Молодежь не утерпела, вскрикивает:
– Браво! «Домик в Коломне»! Это наше!
Эта вещь читалась Киселевым несколько раз и всегда нравилась слушателям. У него не было ложного пафоса, утрировки, как у плохих чтецов, особенно актеров. Он не читал, не декламировал, а обыкновенно простым, жизненным тоном вел беседу с выведенными в поэме персонажами и распоряжался рифмами так, что вы не замечали их, как отдельных нот и фраз в музыке, но в то же время, слагаясь в гармонии, они вызывали у вас яркий художественный образ.
Незаметно он втягивал вас в свой разговор и в общую беседу, делал вас соучастником переживаний автора, его персонажей.
Легкий жанр и изящная игривая форма «Домика в Коломне» особенно отвечали характеру Киселева.

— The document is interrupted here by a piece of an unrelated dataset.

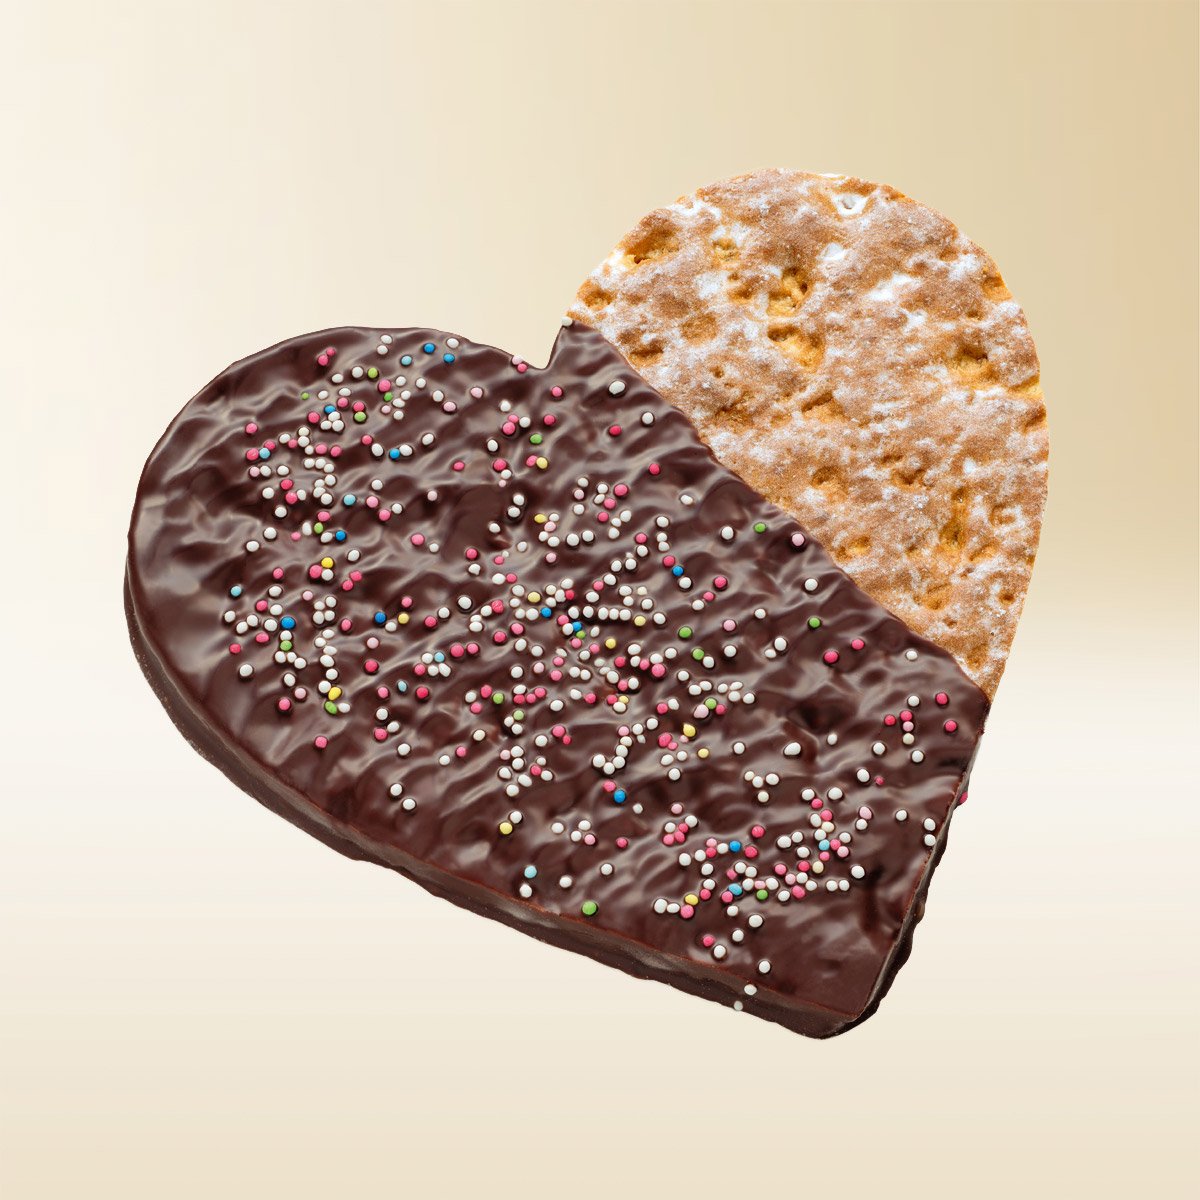 Läckerli heart, chocolate-coated 55g

Ну, женские и мужеские слоги!
Благословясь, попробуем: слушай!
Ровняйтеся, вытягивайте ноги
И по три в ряд в октаву заезжай!
– продолжал Киселев тоном фельдфебеля с оттенком солдатского приказа. А потом ласково, нежно убеждал девочку-резвушку:
Усядься, муза; ручки в рукава,
Под лавку ножки! не вертись, резвушка!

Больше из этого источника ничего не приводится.